La fonte primaria del turbamento che le donne nell’horror suscitano risiede nella sovversione dei ruoli sociali e di genere, la rappresentazione di tabù e la perdita di controllo sul corpo femminile.

Dalla stessa matrice patriarcale, quando un uomo è il protagonista violento di un racconto horror si fa un’associazione tra maschio, forza e violenza. Non ci si chiede mai come sia potuto succedere che il protagonista sia diventato un assassino. Mentre nel momento in cui la donna ruba la scena con la propria violenza e desiderio di fare del male, ci si chiede come sia possibile.
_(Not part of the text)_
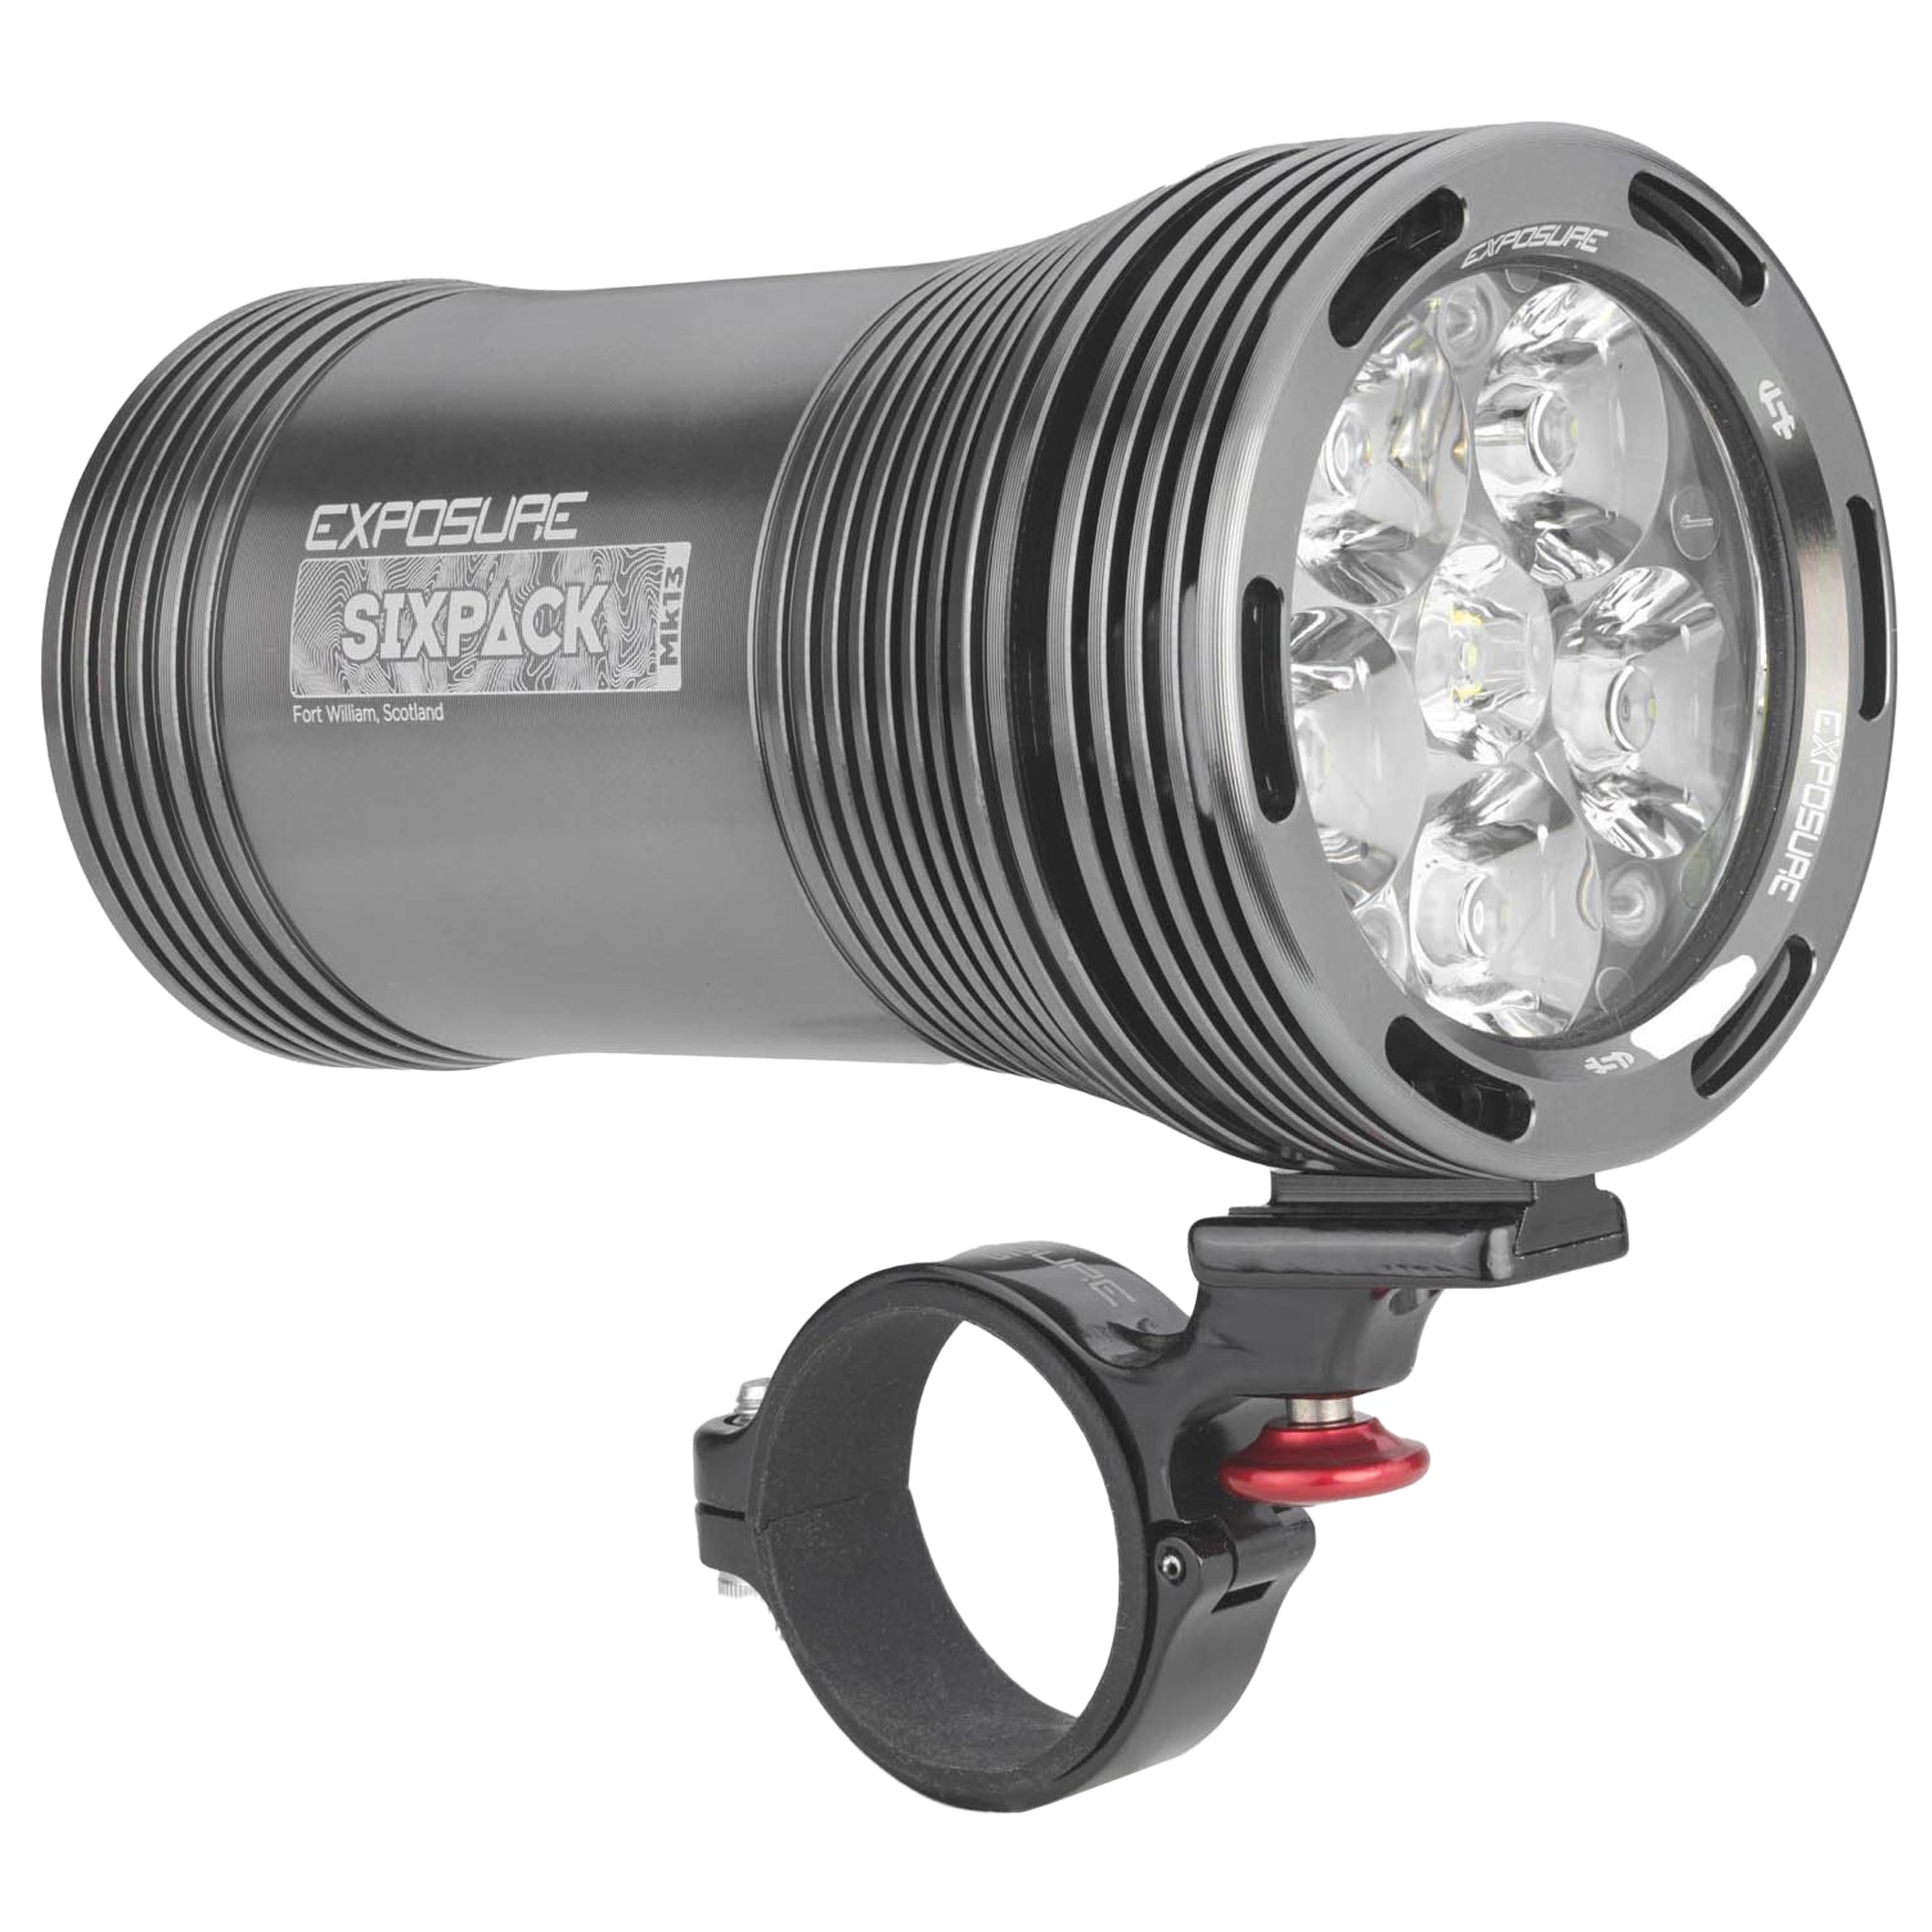 Exposure Lights Six Pack MK13 Cordless Light System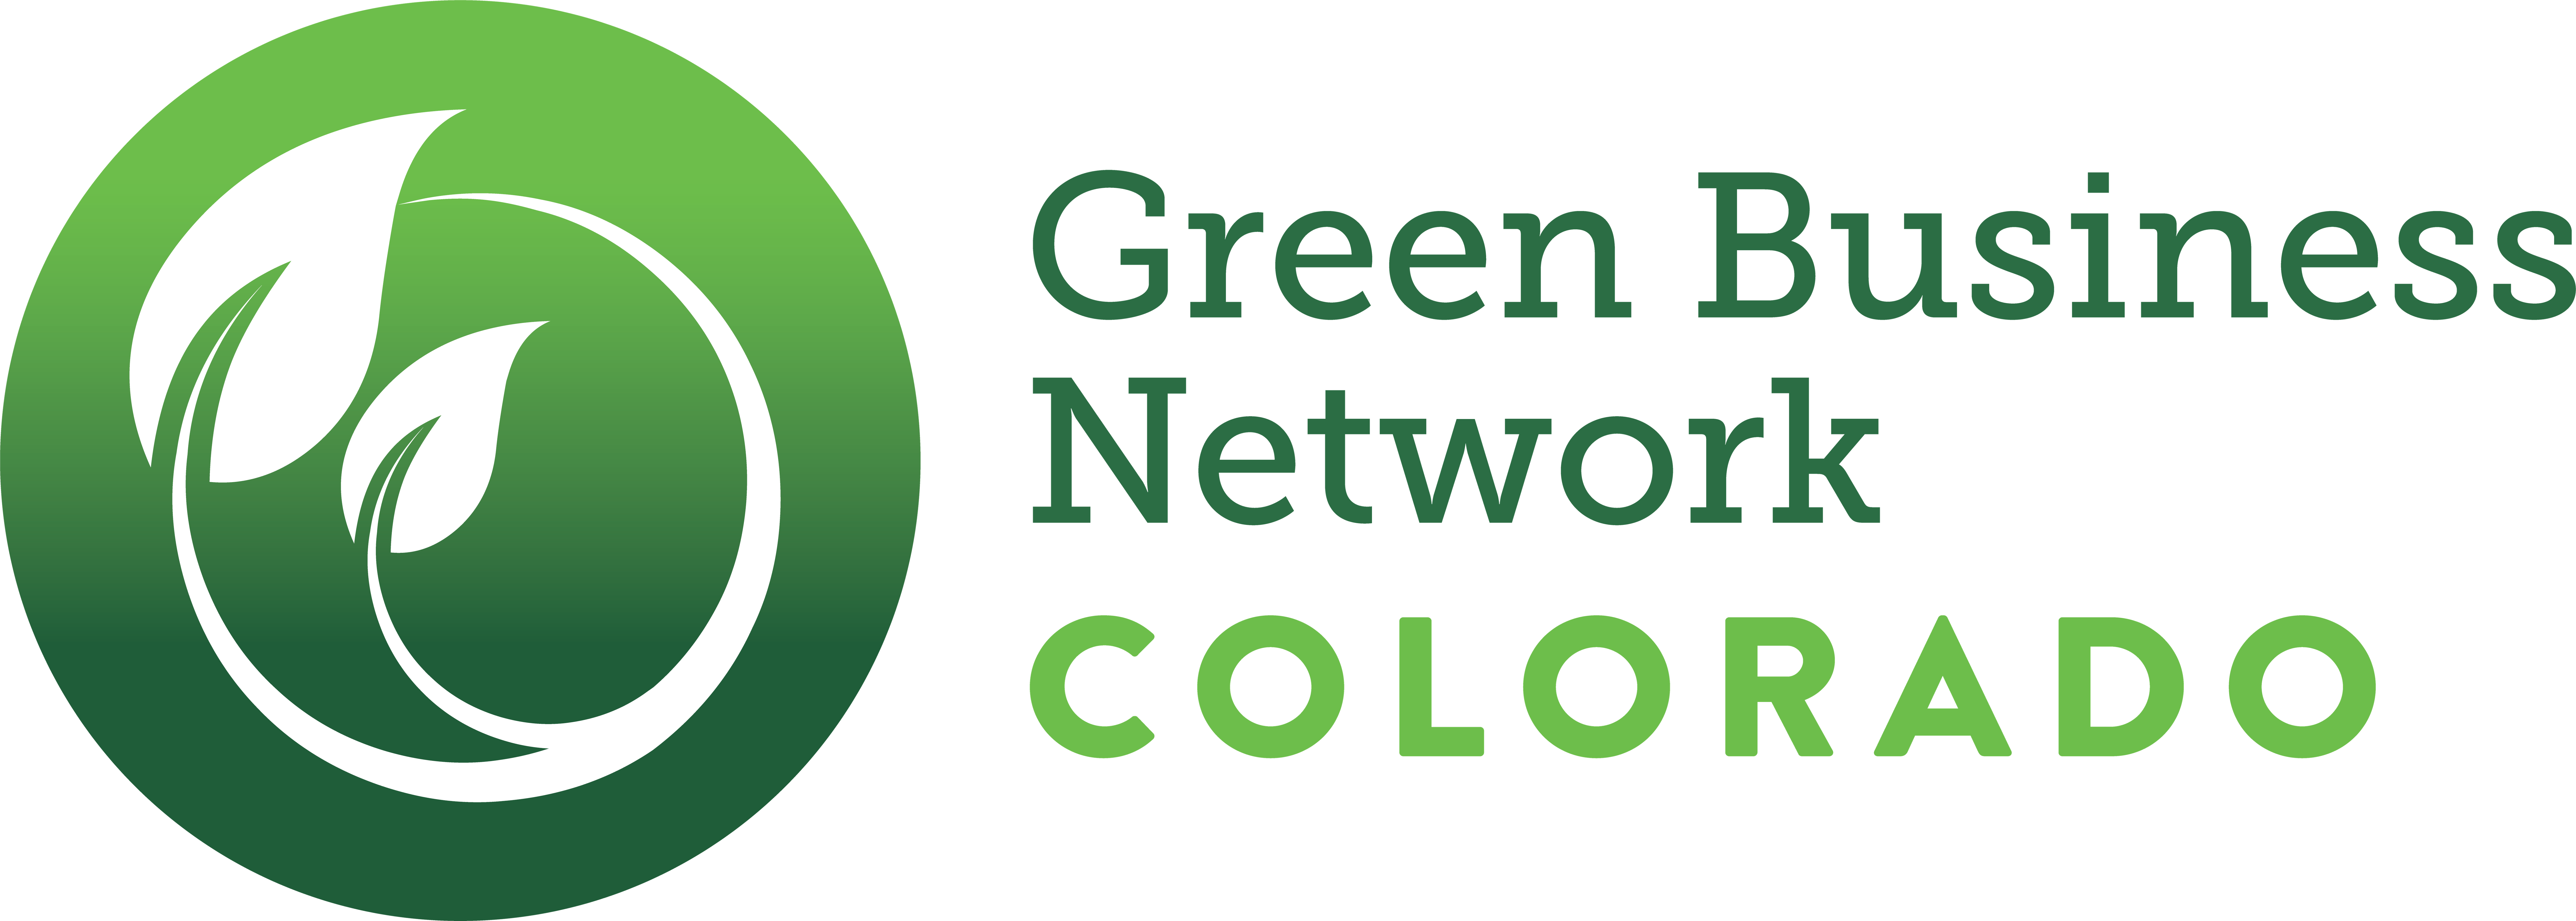 Colorado Green Business Network Logo

Perché la donna viene associata a valori di dolcezza, sicurezza, bontà e accoglienza. Come può una persona così amorevole e pura fare delle cose così mostruose? E nel momento in cui la donna si riprende il potere di decidere del proprio corpo, cosa succede?
Come il critico cinematografico Robin Wood disse: «Il vero soggetto del genere horror è la lotta che fa emergere tutto ciò che la nostra società reprime ed opprime».
Le figure femminili che spaventano di più
Ci sono delle figure particolari che nella società la donna ricopre, che all’interno dei film horror vengono ribaltate. Parliamo della figura della madre, della seduttrice che diviene un’assassina, delle ragazzine, delle streghe.

La figura materna positiva che diventa pericolosa e violenta suscita sgomento e paura, così come la strega che rappresenta il femminile legato al potere e dunque al controllo che la donna ha su se stessa e sugli altri, sulla sua libertà. Fa paura anche la figura di una donna forte, seduttrice che finisce per uccidere una volta raggiunto il suo scopo perché è sessualmente libera, cosciente di sé e dei propri desideri. Le ragazzine sono spesso rappresentate durante il loro passaggio all’età adulta, durante il loro periodo di pubertà, che con il risveglio sessuale e le mestruazioni viene associato a qualcosa di negativo perché il passaggio dall’innocenza a tutto quello che la donna rappresenta agli occhi del mondo patriarcale è spaventoso e brutto. Non deve succedere. Emblema di questo concetto è il film L’Esorcista.
Rimanendo nella sfera sessuale, anche i genitali sono stati rappresentati spesso nei film di questo genere, sempre simboli di paura, proibito e perdita di controllo come nei film Alien e Teeth.

Basic Instinct, Hereditary, The Babadook, Revenge e tanti altri sono rappresentazioni perfette delle donne nell’horror contemporaneo che dimostrano il punto della teoria del mostruoso femminile.